Parameter description: Specifies whether to enable the debug function of Gauss Data Service (GDS). This parameter is used to better locate and analyze GDS faults. After the debug function is enabled, types of packets received or sent by GDS, peer end of GDS during command interaction, and other interaction information about GDS are written into the logs of corresponding nodes in the cluster. In this way, the state switching on the GaussDB state machine and the current state are recorded. If this function is enabled, additional log I/O resources will be consumed, affecting log performance and validity. You are advised to enable this function only when locating GDS faults.

This parameter is a USERSET parameter. Set it based on instructions provided in Table 1.

Value range:

  • on indicates that the GDS debug function is enabled.
  • off indicates that the GDS debug function is disabled.

Default value: off

enable_delta_store

Parameter description: Specifies whether to enable delta tables for column-store tables.
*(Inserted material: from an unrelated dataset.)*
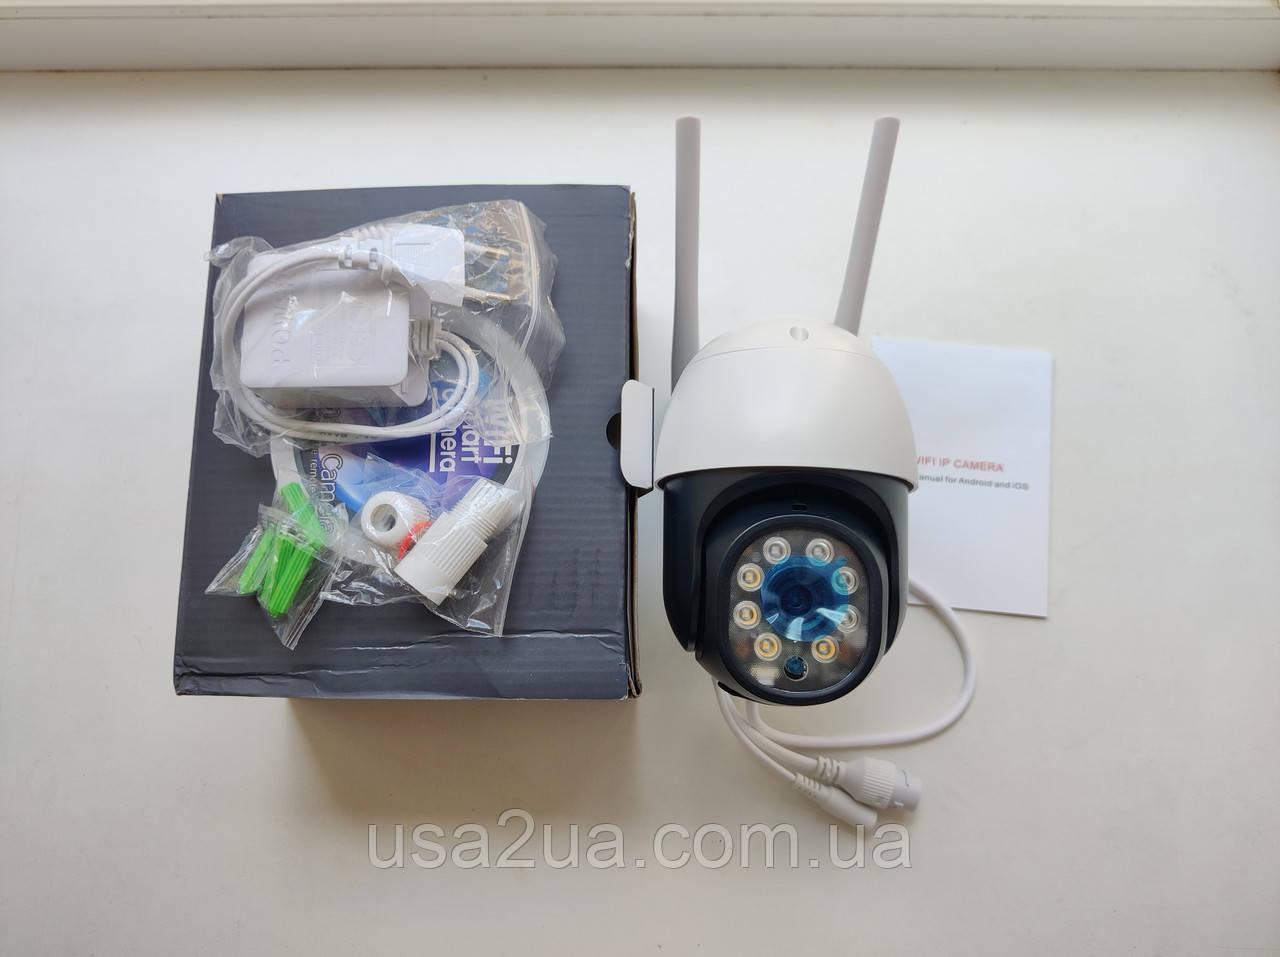 Бездротова поворотна 3 Мп вулична IP WiFi камера Besder BES-A8-3MP 1536P Onvif. iCSee гарантія кредит
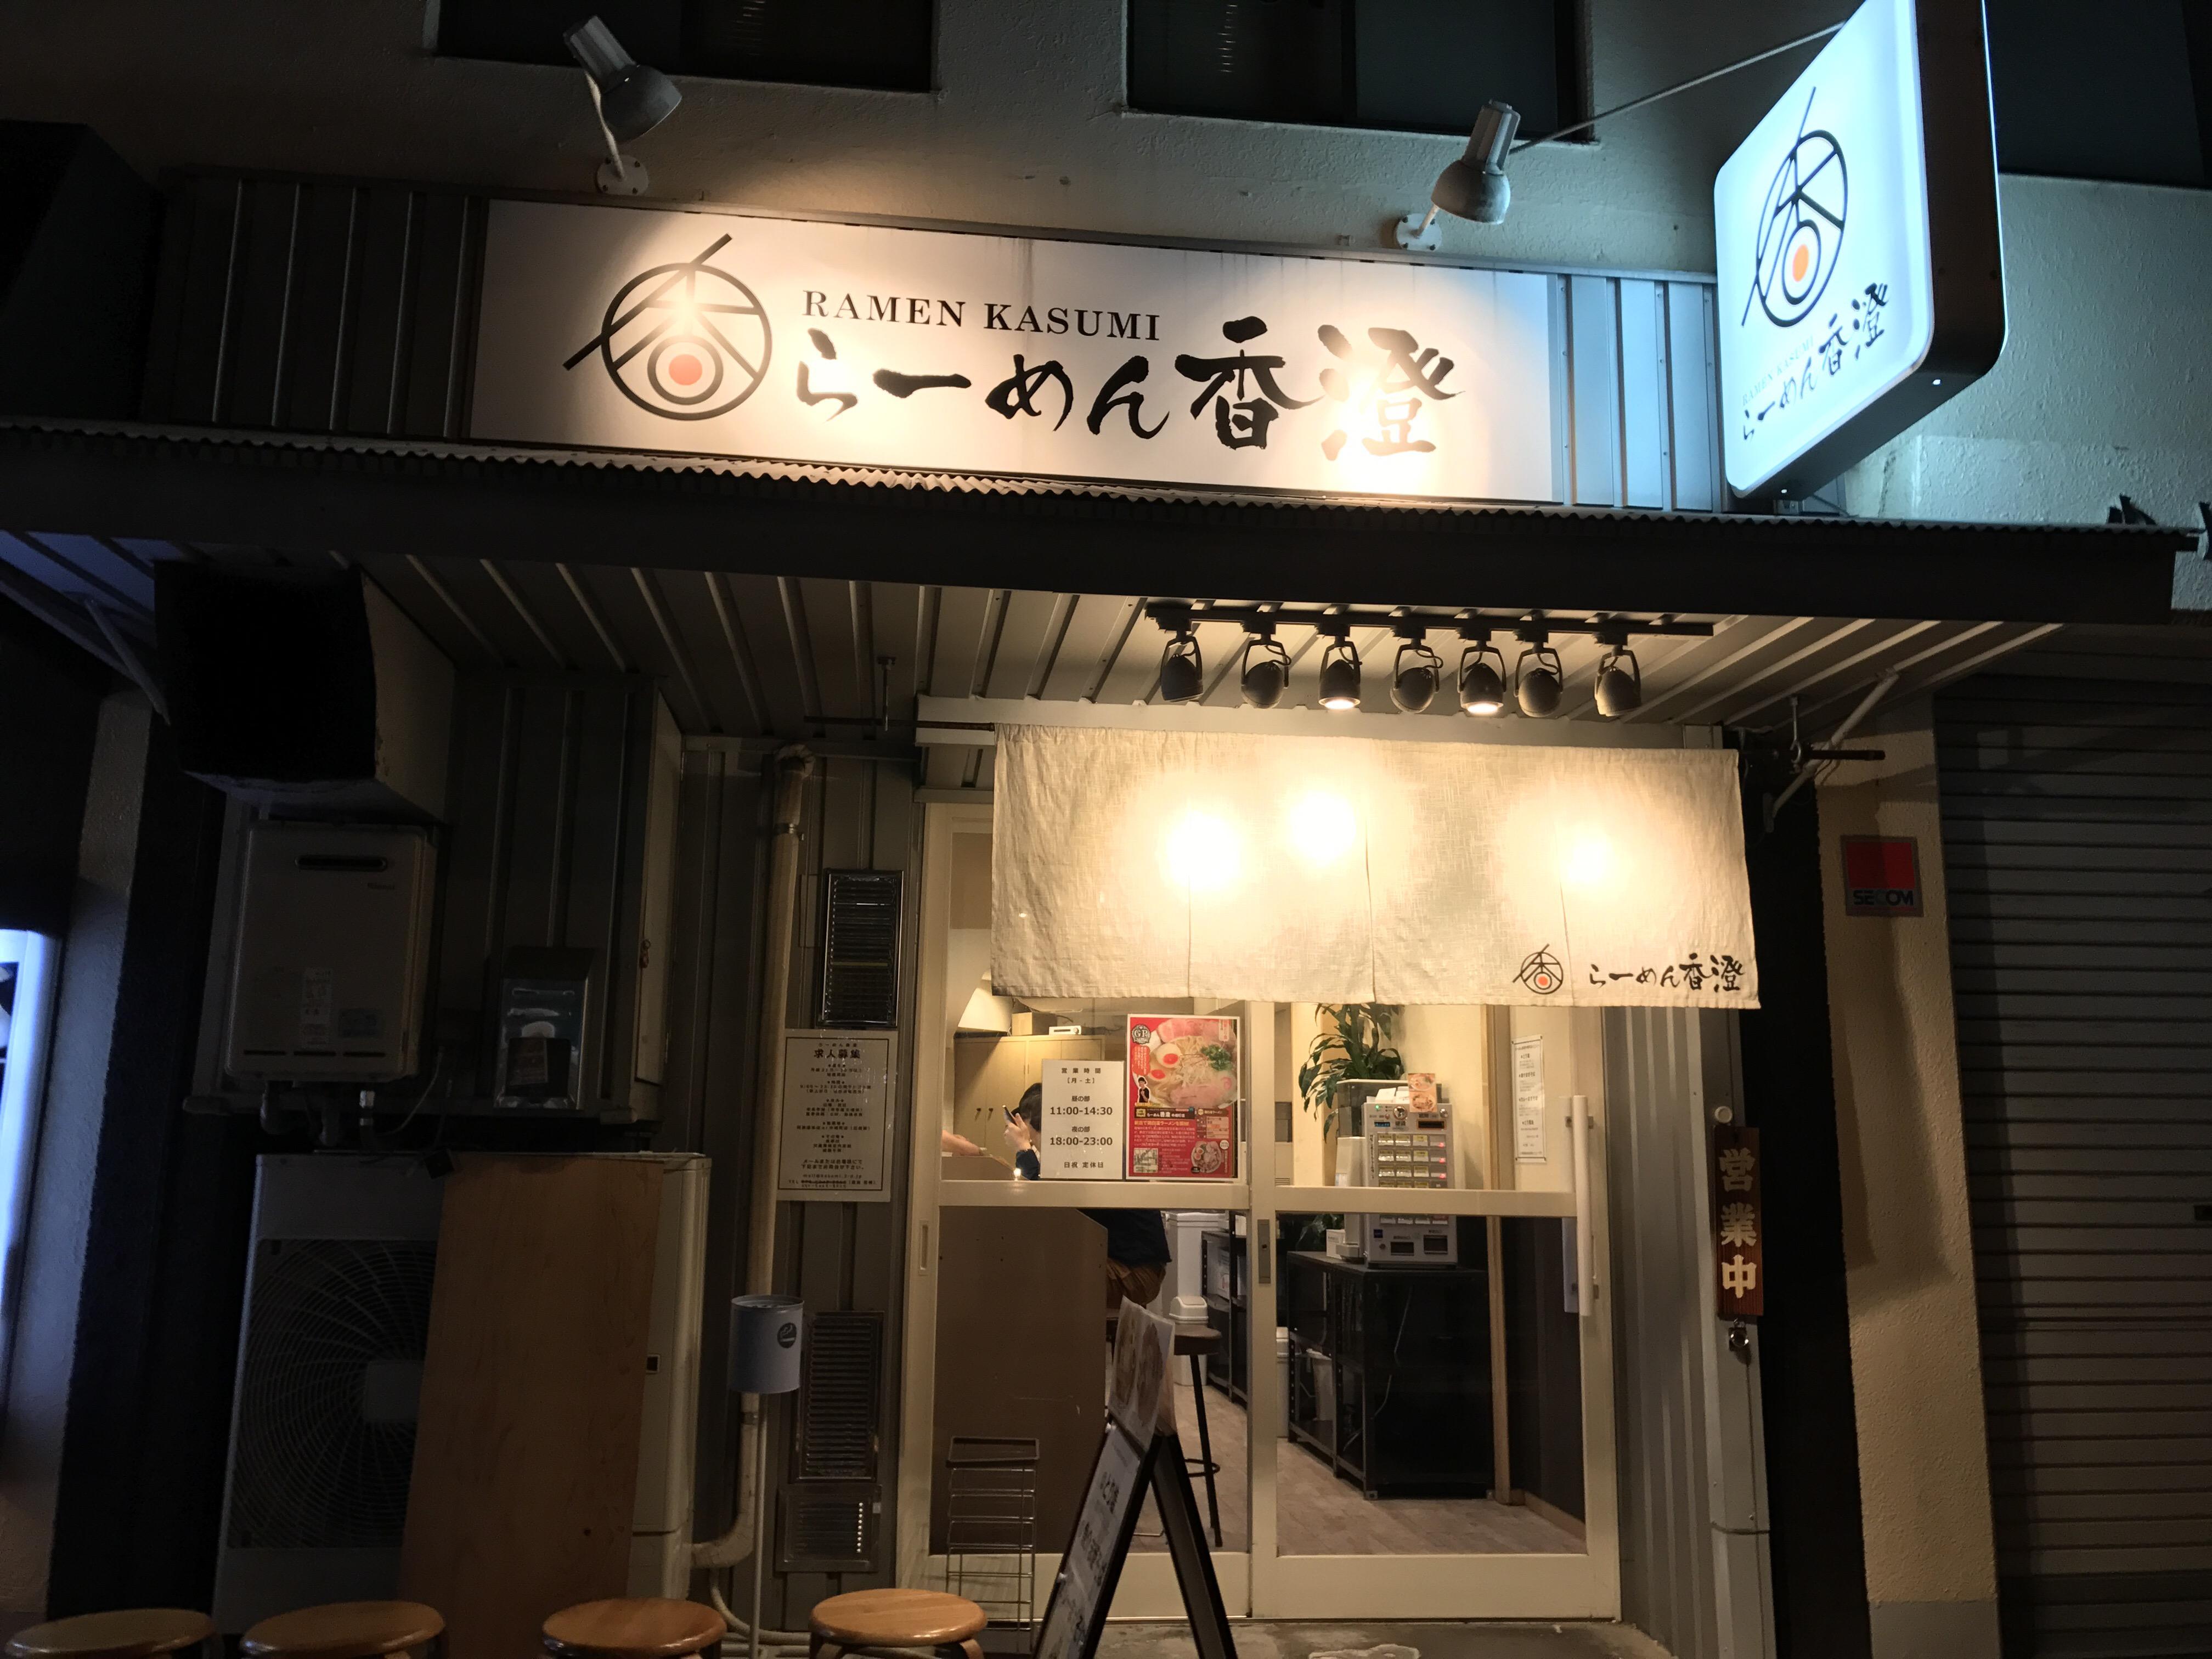 【天神橋筋ラーメン部】ゴロッゴロなチャーシューが半端ない【..

Delta tables will improve the performance of importing a single piece of data to a column-store table and prevent table bloating. If this parameter is set to on, data to be imported to a column-store table will be stored in the delta table when the data volume is less than DELTAROW_THRESHOLD specified in table definition and otherwise will be stored in CUs of the main table. This parameter affects all operations involving data transfer of column-store tables, including INSERT, COPY, VACUUM, VACUUM FULL, VACUUM DELTAMERGE, and data redistribution.

This parameter is a POSTMASTER parameter. Set it based on instructions provided in Table 1.

Value range:

  • on indicates that delta tables are enabled.
  • off indicates that delta tables are disabled.

Default value: off

safe_data_path

Parameter description: Specifies the path prefix restriction except for the initial user. Currently, the restrictions are posed on COPY and advanced package paths. The path cannot end with a slash (/) or contain periods (..).

This parameter is a SIGHUP parameter. Set it based on instructions provided in Table 1.

Value range: a string of up to 4096 characters

Default value: NULL

enable_copy_server_files

Parameter description: Specifies whether to enable the permission to copy server files.

This parameter is a SIGHUP parameter. Set it based on instructions provided in Table 1.

Value range: Boolean

  • on indicates that the permission to copy server files is enabled.
  • off indicates that the permission to copy server files is disabled.

Default value: off

When the enable_copy_server_files parameter is disabled, only the initial user is allowed to run the COPY FROM FILENAME or COPY TO FILENAME statement. When the enable_copy_server_files parameter is enabled, users with the SYSADMIN permission or users who inherit the gs_role_copy_files permission of the built-in role are allowed to run the COPY FROM FILENAME or COPY TO FILENAME statement.